We also have several additional sources of liquidity, including the
available-for-sale investment securities portfolio, which at June 30, 2001
amounted to $33.5 million. Also, many of our loans are originated pursuant to
underwriting standards which make them readily marketable to other financial
institutions or investors in the secondary market. In addition, in order to meet
liquidity needs on a temporary basis, we have established lines of credit with
other financial institutions to purchase up to $9.0 million in Federal funds and
may borrow funds at the Federal Reserve discount window, subject to our ability
to supply collateral. During the fourth quarter of 2000, we became a member of
the Federal Home Loan Bank of New York and have an additional overnight
borrowing line of $5.4 million. In addition, subject to certain Federal Home
Loan Bank requirements, we may also obtain longer-term advances of up to 30% of
our assets. As of June 30, 2001, we have no borrowed funds.
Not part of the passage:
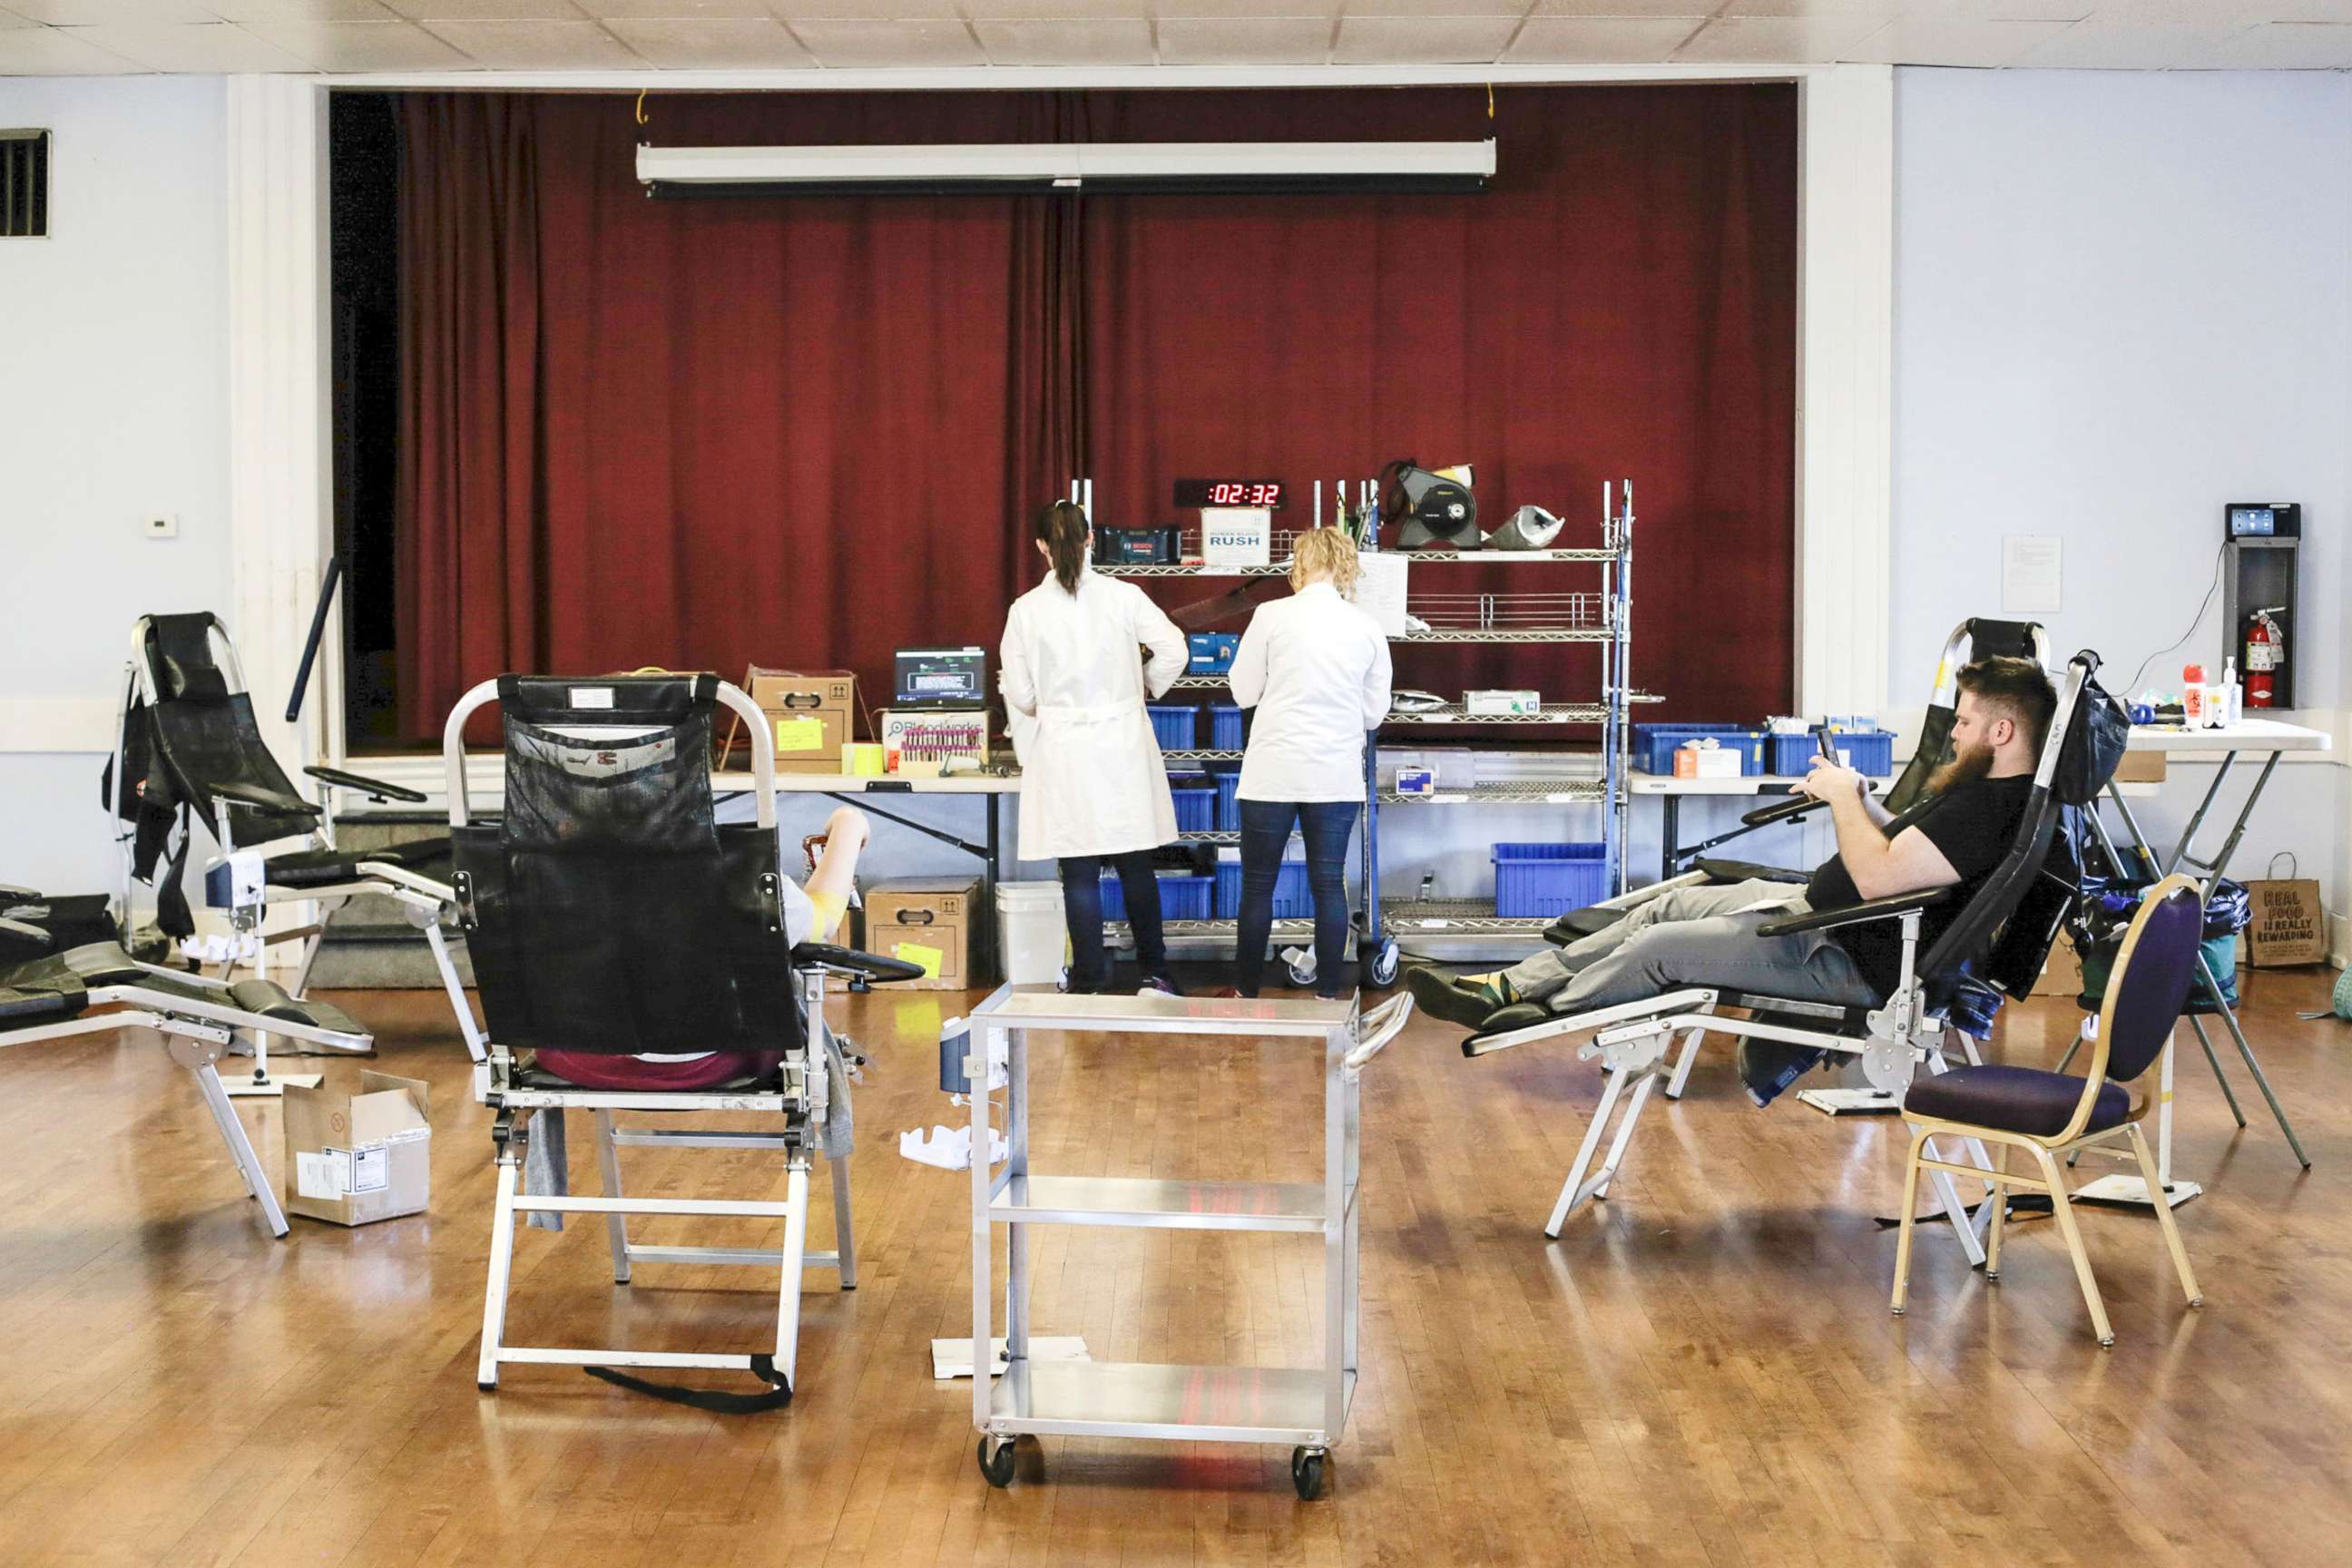 PHOTO: Donors rest as phlebotomists work during a blood drive at the Shoreline Masonic Lodge in Shoreline, Wash., March 15, 2020.

We believe that our liquidity position is sufficient to provide funds to meet
future loan demand or the possible outflow of deposits, in addition to enabling
us to adapt to changing interest rate conditions.


Capital Resources

Stockholder's equity increased by $718 thousand at June 30, 2001 compared to
December 31, 2000. The changes in stockholders' equity during the six months
ended June 30, 2001 were comprised of an increase from net income of $681
thousand and an increase of $40 thousand in the unrealized gains, net of taxes,
in the available-for-sale investment securities portfolio. These increases were
partially offset by $3 thousand paid as cash in lieu of fractional shares for
our second quarter 5% stock dividend.

Our regulators, the Board of Governors of the Federal Reserve System (which
regulates bank holding companies), and the Bank's Federal regulator, the Federal
Deposit Insurance Corporation, have issued guidelines classifying and defining
capital into the following components: (1) Tier I Capital, which includes
tangible stockholders' equity for common stock and certain qualifying preferred
stock, and excludes net unrealized gains or losses on available-for-sale
securities and deferred tax assets that are dependent on projected taxable
income greater than one year in the future, and (2) Tier II Capital (Total
Capital), which includes a portion of the

                                       14



allowance for loan losses and certain
qualifying long-term debt and preferred stock that does not qualify for Tier I
Capital. The risk-based capital guidelines require financial institutions to
apply certain risk factors ranging from 0% to 100%, against assets to determine
total risk-based assets. The minimum Tier I and the combined Tier I and Tier II
capital to risk-weighted assets ratios are 4.0% and 8.0%, respectively. Our
Regulators have also adopted regulations which supplement the risk-based capital
guidelines to include a minimum leverage ratio of Tier I Capital to total assets
of 3.0%. For those institutions with higher levels of risk or that are
experiencing or anticipating significant growth, the minimum leverage ratio will
be proportionately increased by 100 to 200 basis points.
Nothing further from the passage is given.